How much strength can you expect from a dying man? Every effort is dying and dying, and every effort is dying away.
Yes, although I am still alive, there is something in my spirit that is dead, this kind of thing is called hope, courage, self-confidence, or whatever? Whatever it is, it doesn't matter, I don't care, life and death have long been put aside, the reason why I don't have self-judgment, but I don't like to experience the pain of death, if there is a painless way to die, then I will choose without hesitation, speaking of sudden death may be reluctantly classified in this category.
Secondly, maybe I don't want my parents to suffer, I can't give them anything, I can only make a fuss about them living silently without seeking death. That's probably the biggest difference between me and other people, they all live for themselves, while I live for the most part, and I don't care about myself.

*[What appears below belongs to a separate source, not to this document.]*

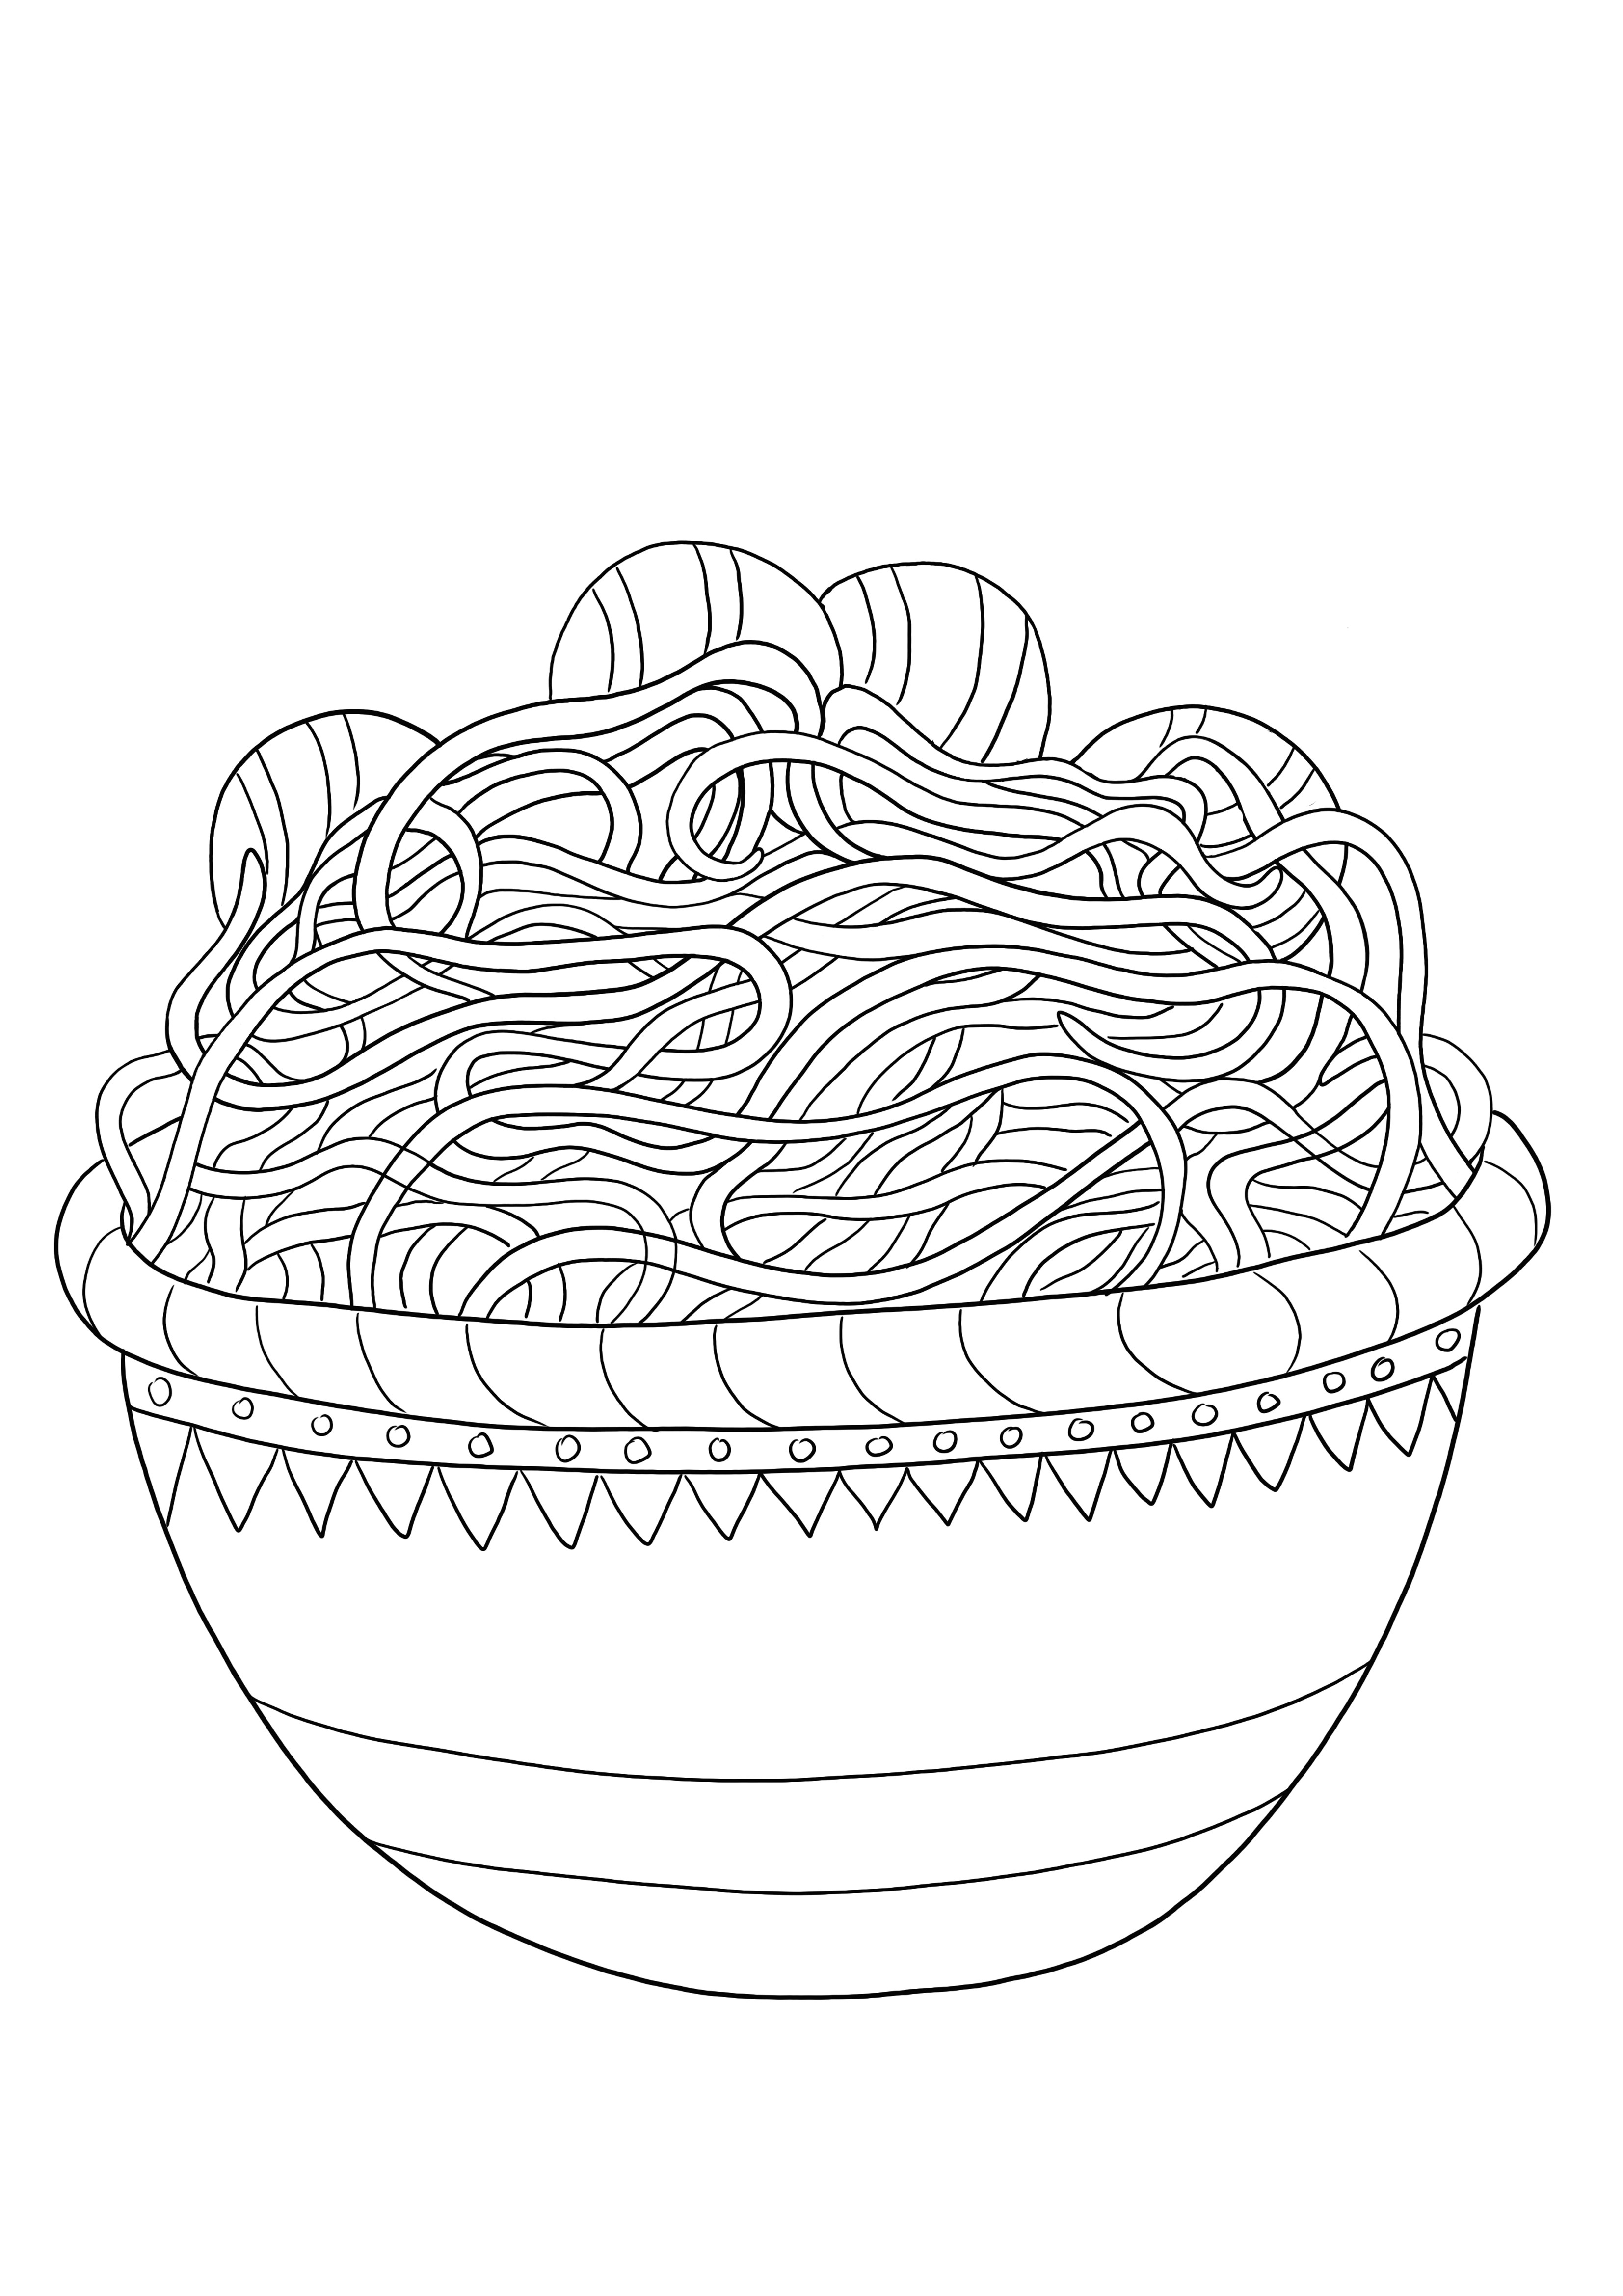 Darmowy obraz do wydrukowania dla łatwego kolorowania miski spaghetti dla dzieci
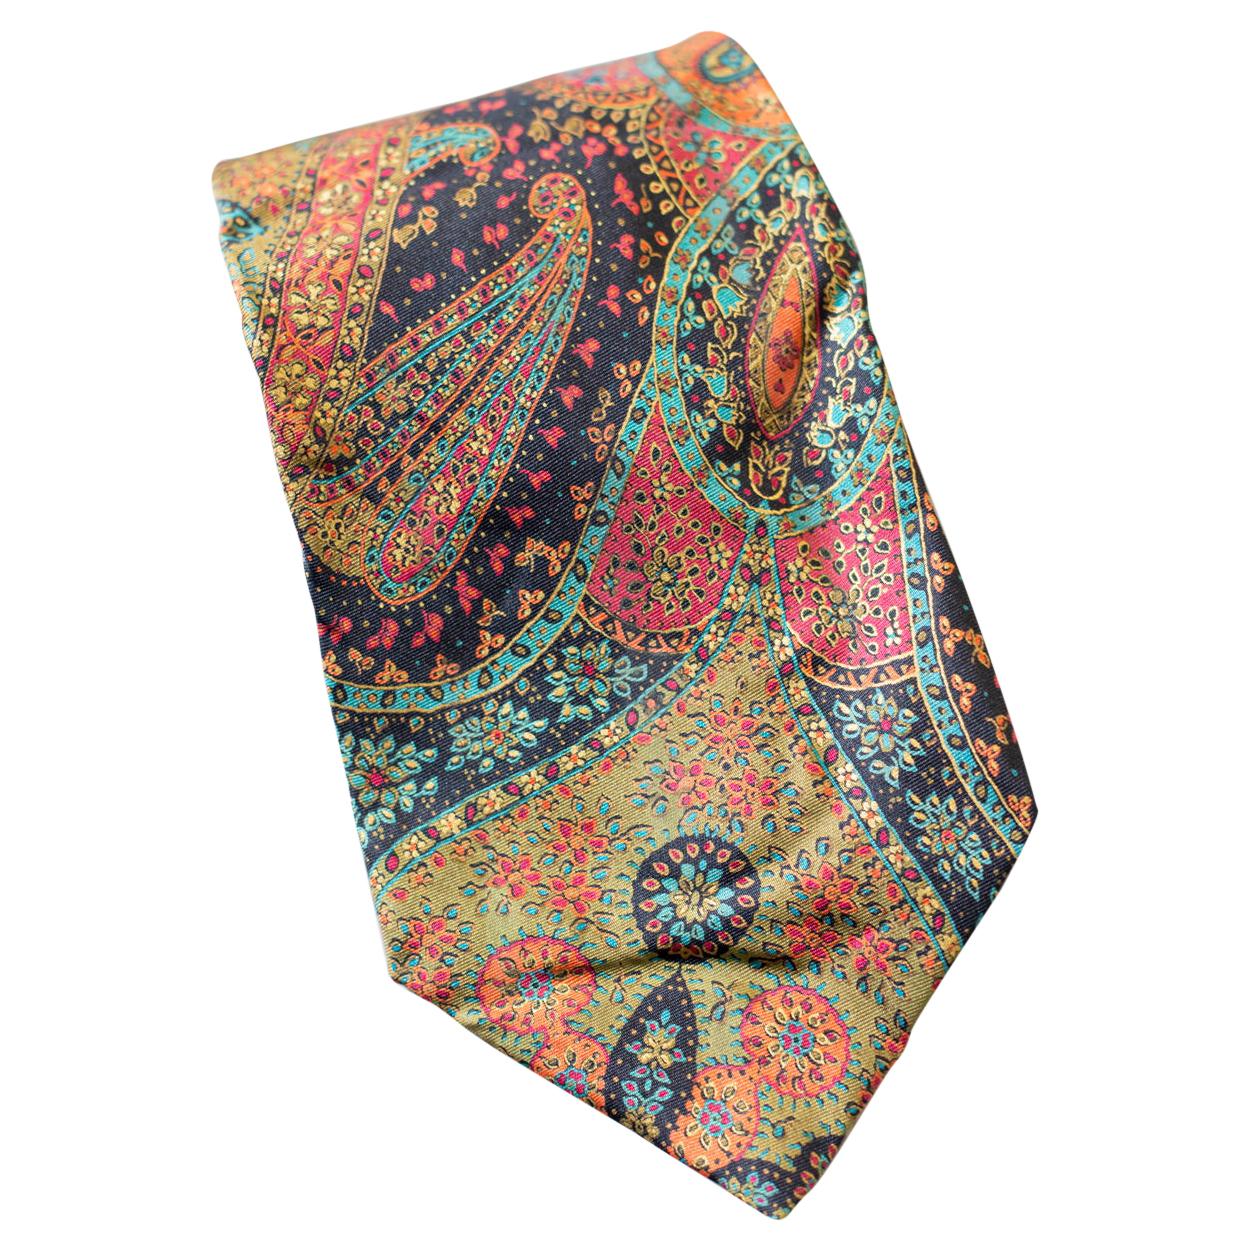 Guv Laroche cravate vintage en soie entièrement recouverte d'un motif cachemire

I also try to save money as much as possible, after all, I know that this money is not easy to come by, and most of the time I don't need to buy material things to satisfy myself, my father asked me to use it, but I really can't use the money he earns without any scruples, but in order to survive, I still have to spend the money where I should spend.
I also tried my best to pursue my father's expectations, but my personality greatly limited my ceiling, I felt unable to concentrate, I was not interested in fame and fortune, if it wasn't for not wanting to disappoint my father, I might be more suitable to do some retirement work.
Fate made my father, and my father and fate made me.
Human sorrow can be inherited at some point, and this inheritance does not mean that the former suffers more and the latter suffers less, but the latter must be more optimistic, cheerful and confident than the former, which is like a person who has been stabbed several times without hurting the vital point, and a person who has only been stabbed once but is directly killed, this kind of thing is not taken for granted that one plus one equals two.
I don't blame my father, but it's just fate.
Maybe some people think that I am much luckier than them, but what I want to say is that this kind of thing cannot be compared, everyone's sorrow is different, and non-parties cannot empathize. There are people who may have grieved and suffered so much more than I can give people the strength to cut themselves off, and in my opinion, this is actually a relief, and they are fortunate compared to me.
After all, there is a saying that life is better than death.
Many times, I really don't want to go home, the word family, is foreign to me.